An exact repeat is needed of the lines from the one with "MARCIANO Lace Inset" through the last line of the data below. Please omit the pictures.

Recorded data:

+ + + +

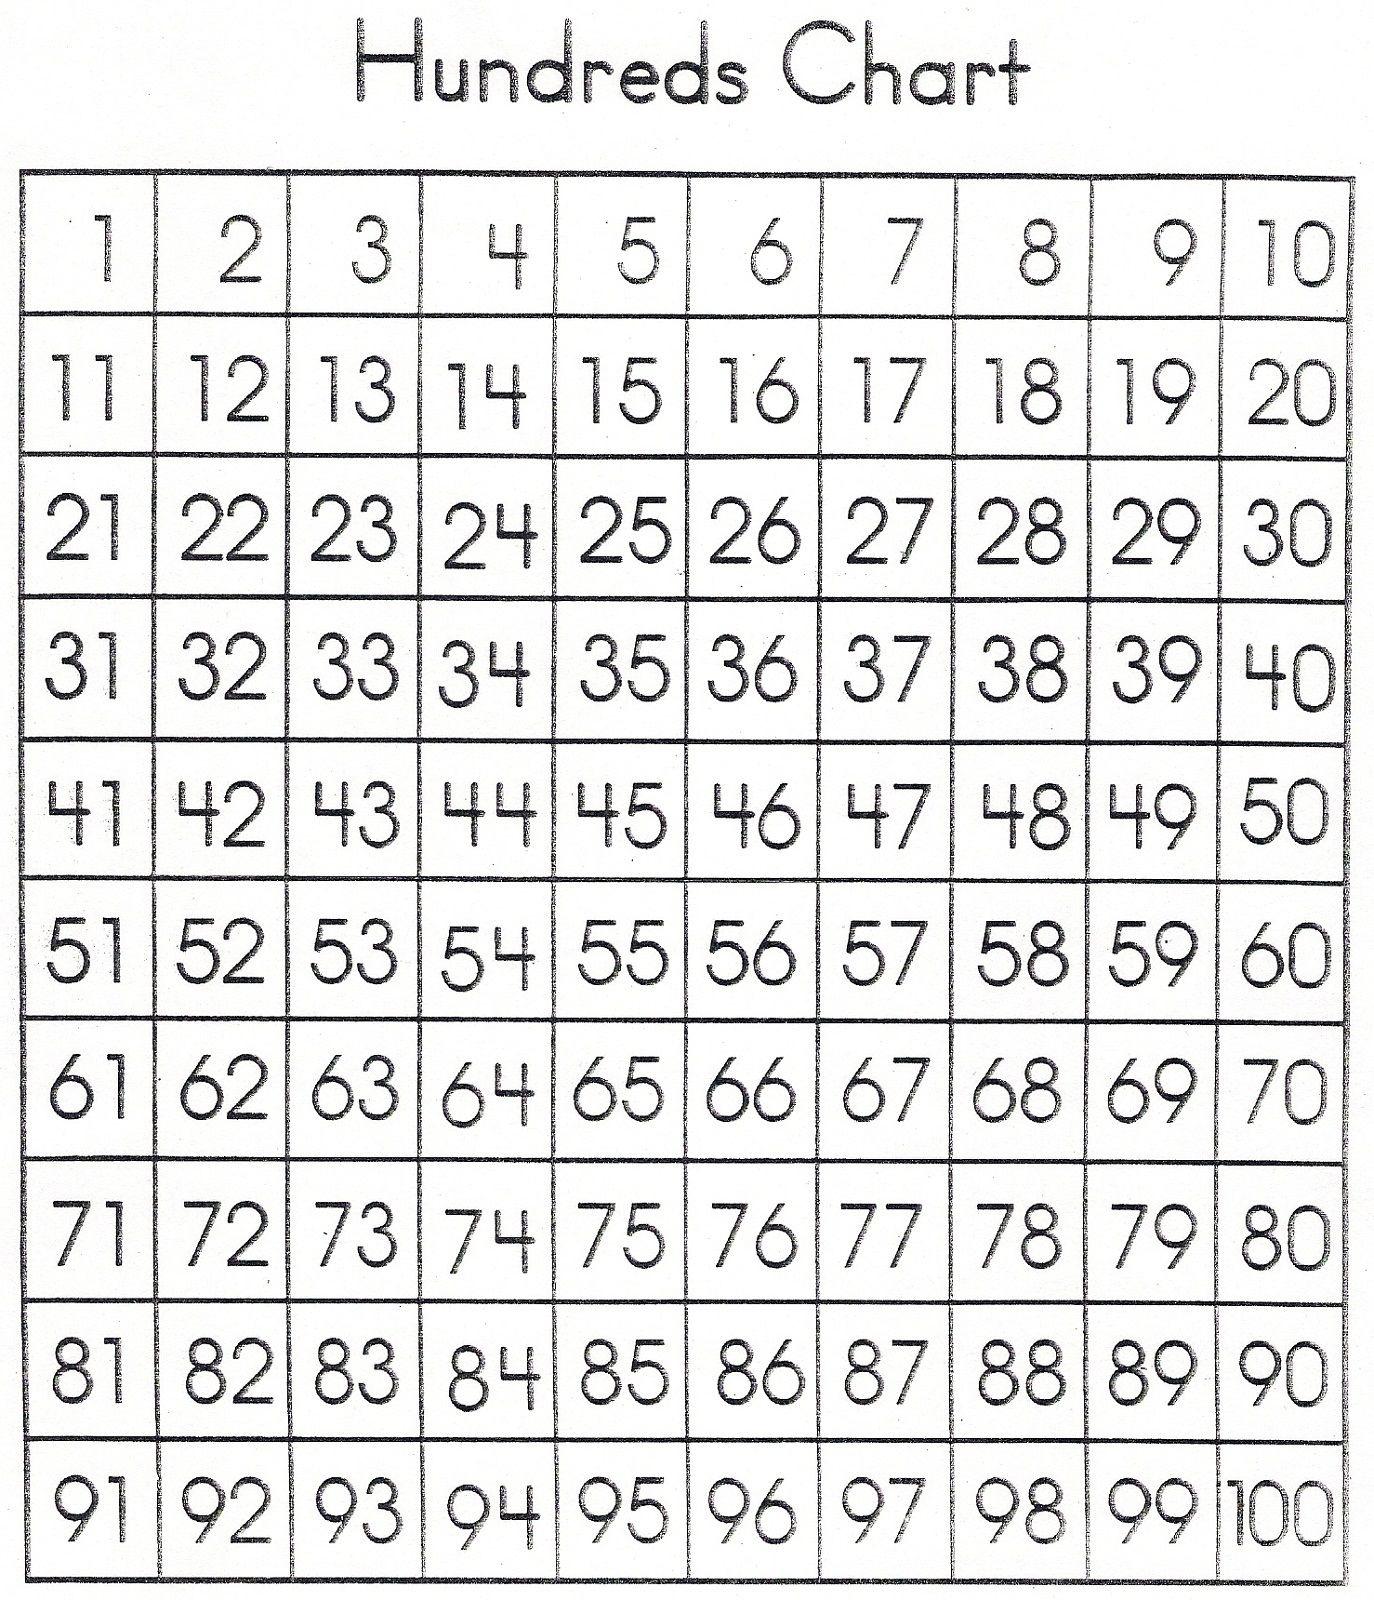 Free Printable Number Chart 1 20 | Free Printable
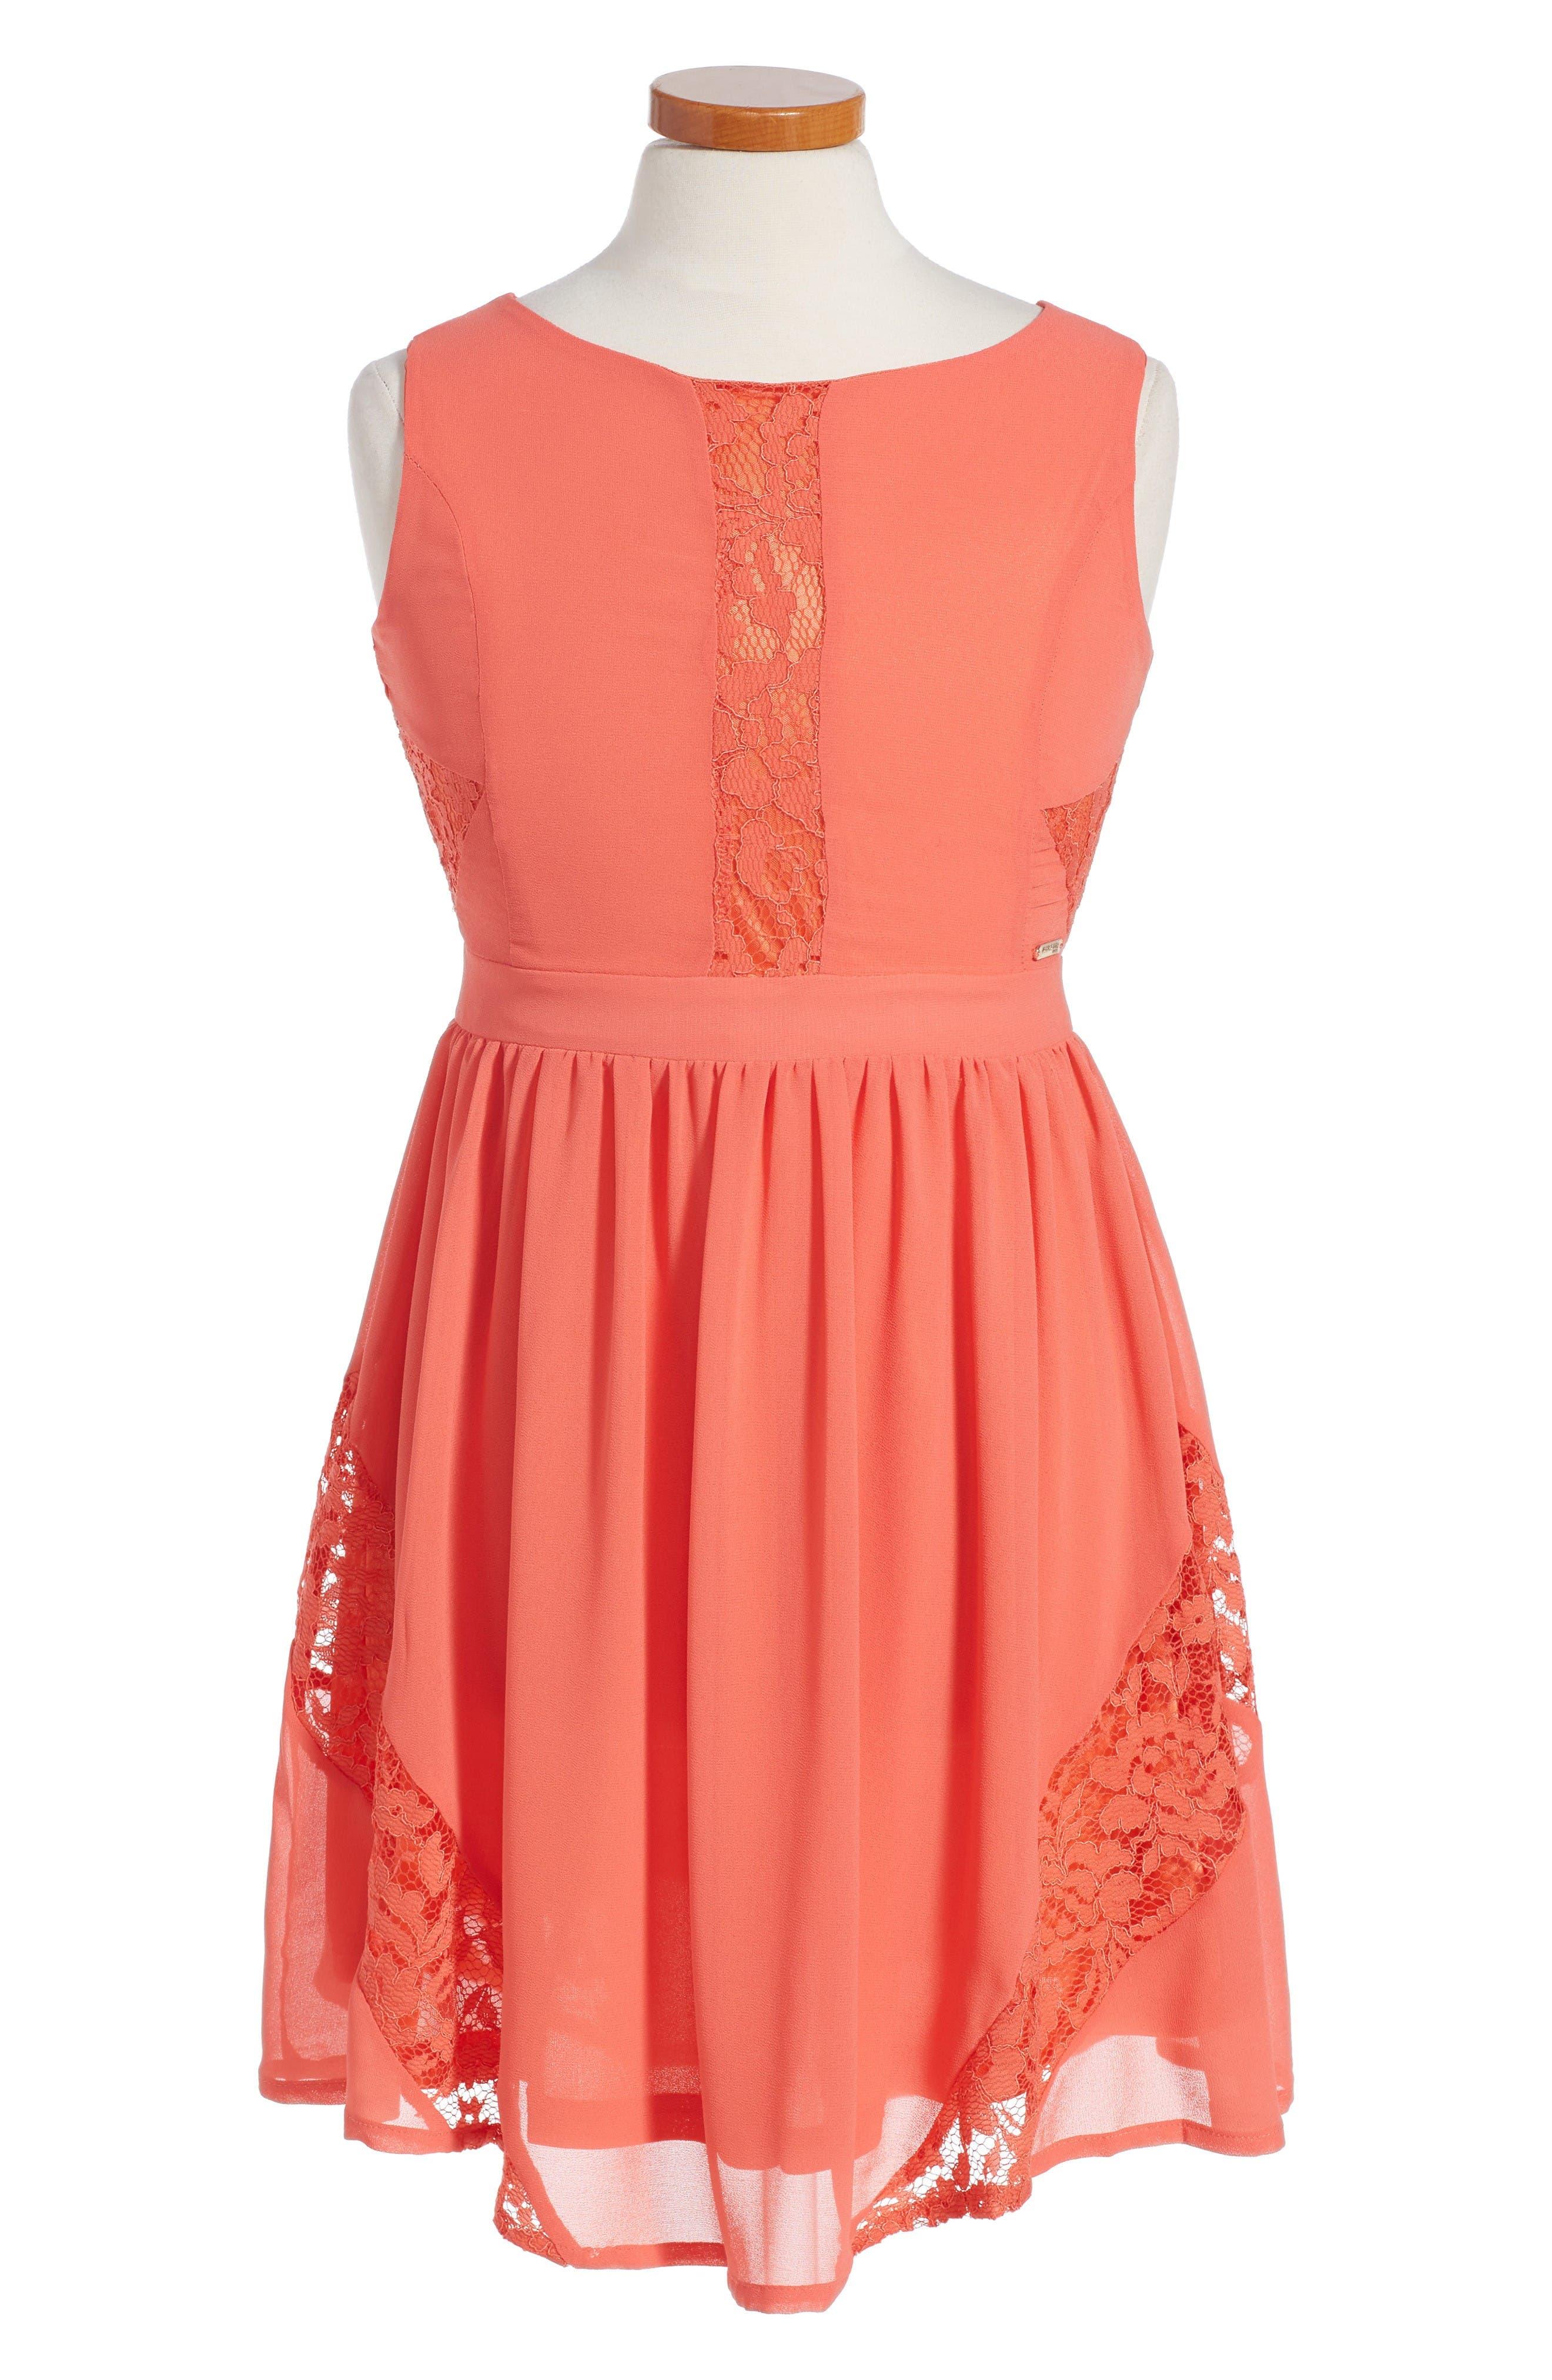 MARCIANO Lace Inset Fit & Flare Chiffon Dress
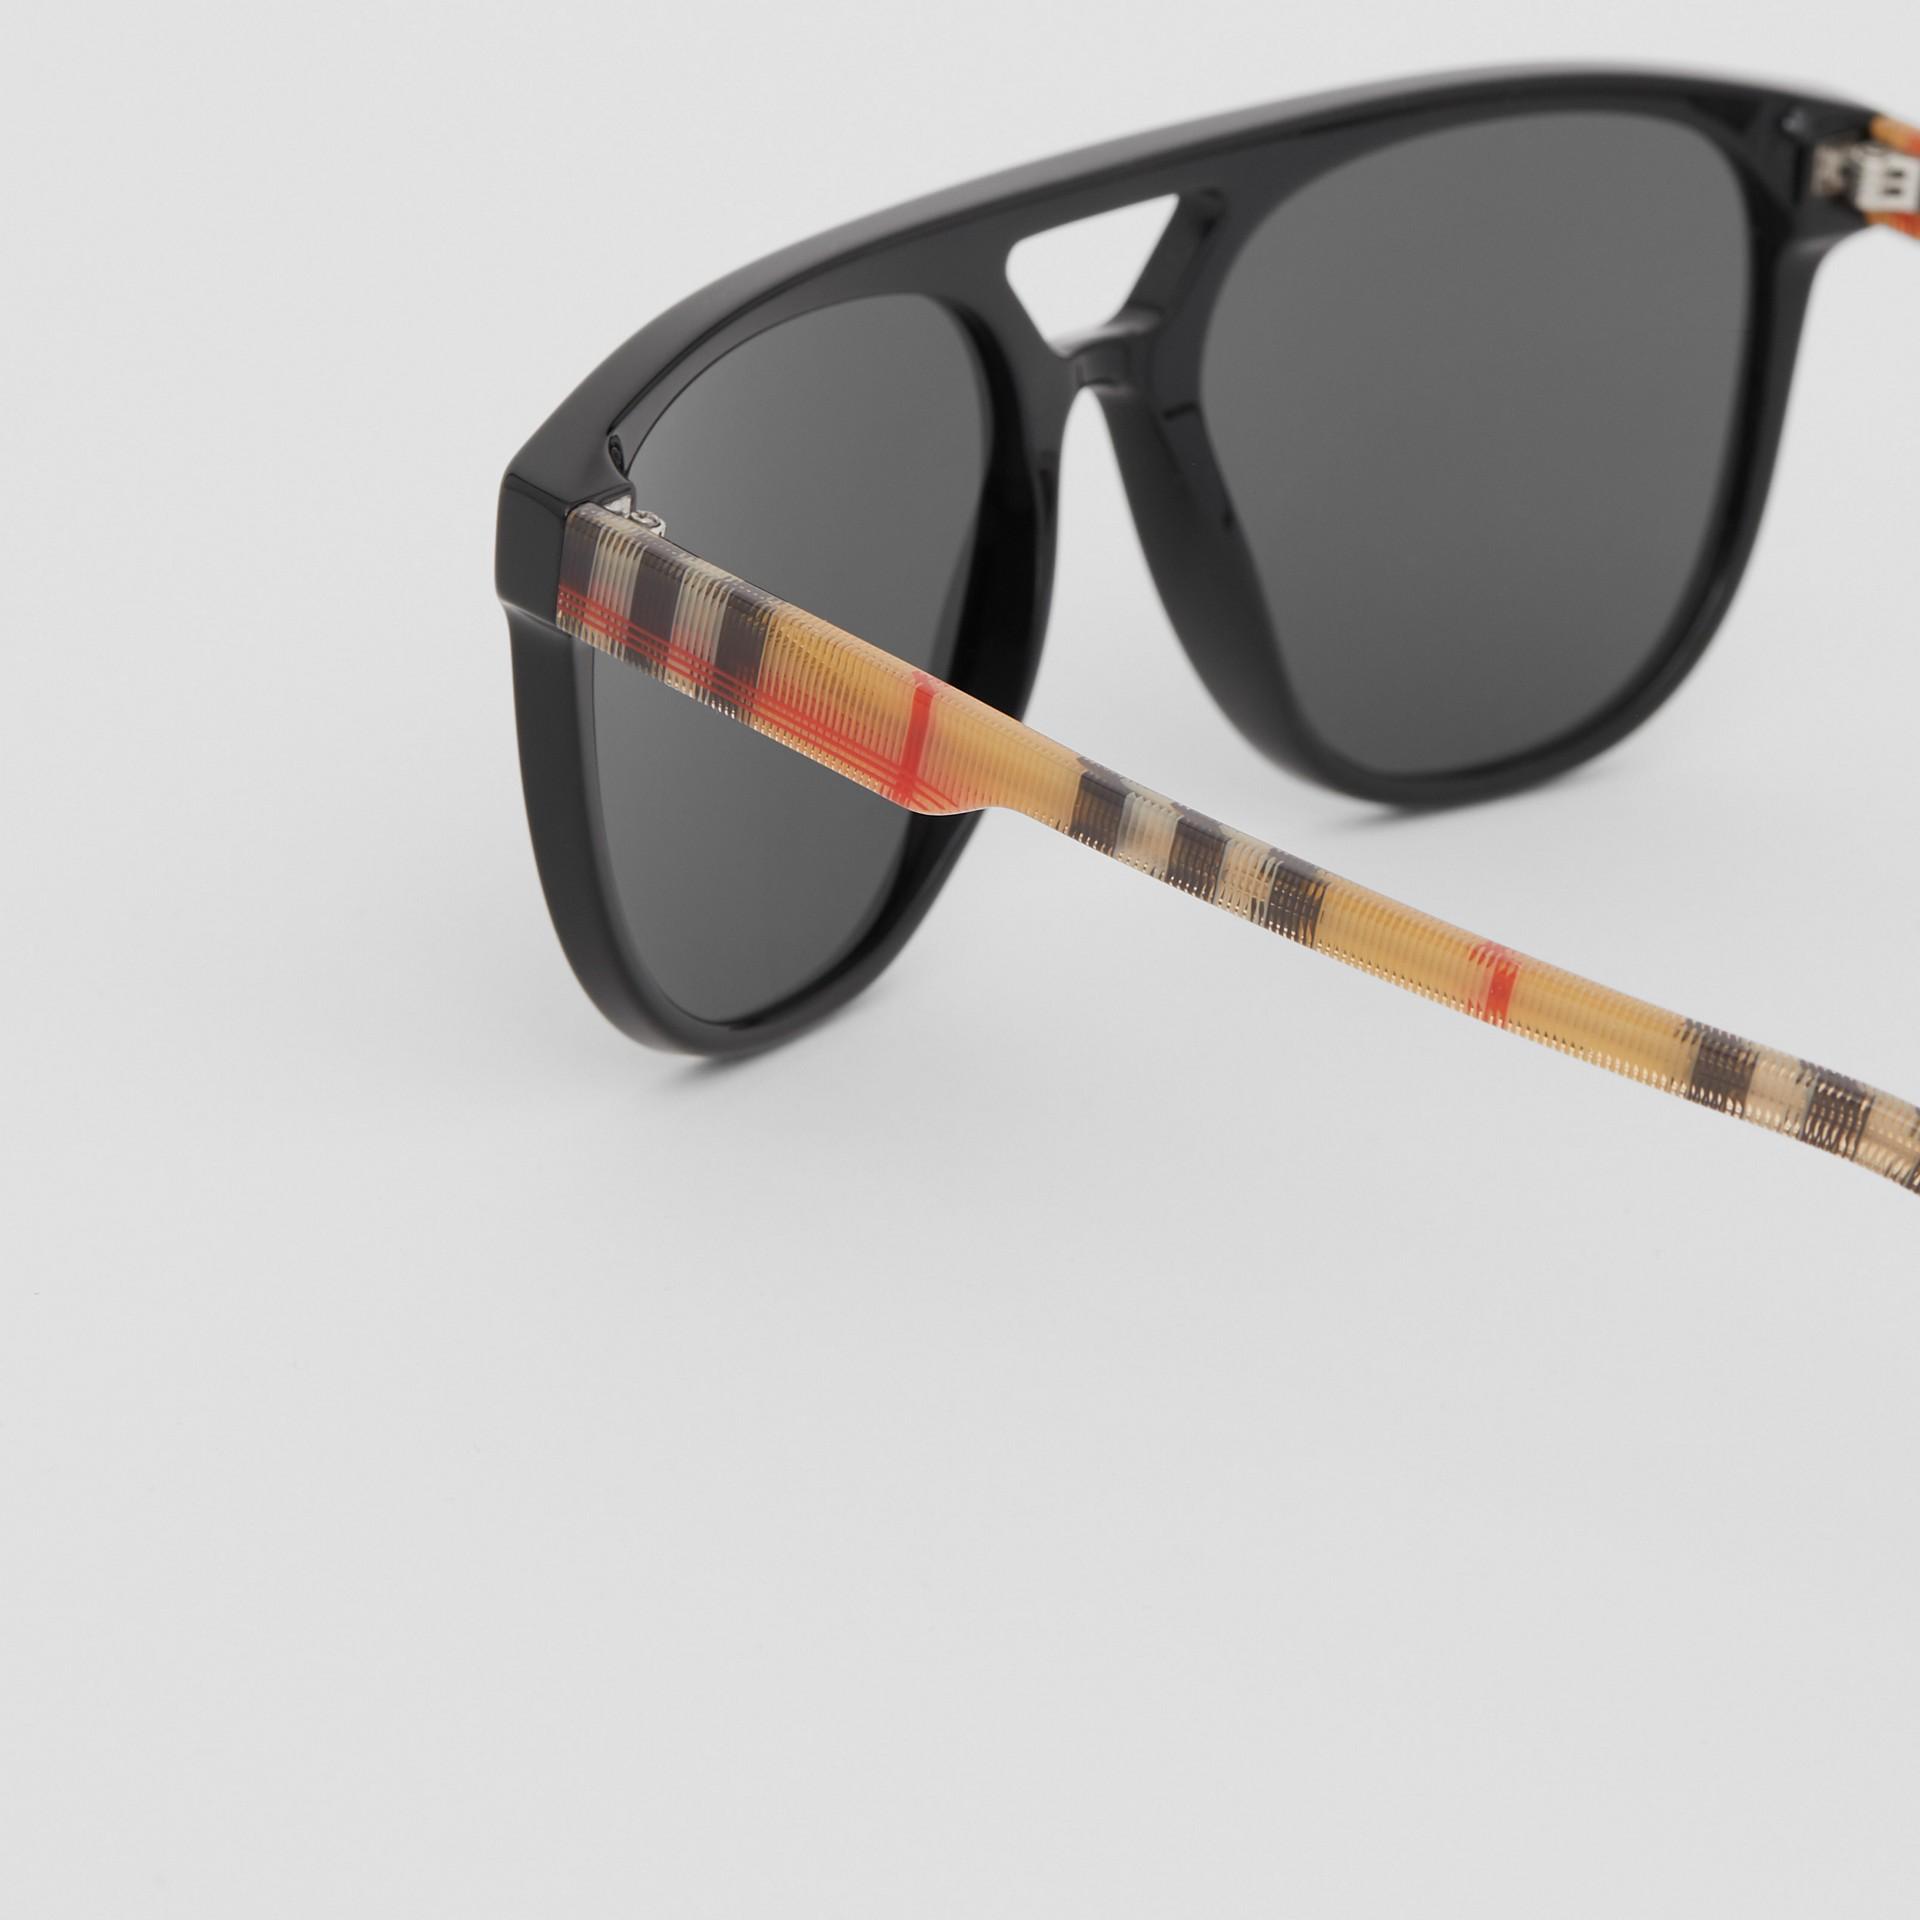 Navigator sunglasses in Black | Burberry - gallery image 1

+ + + +

Task result:
 MARCIANO Lace Inset Fit & Flare Chiffon Dress
 Navigator sunglasses in Black | Burberry - gallery image 1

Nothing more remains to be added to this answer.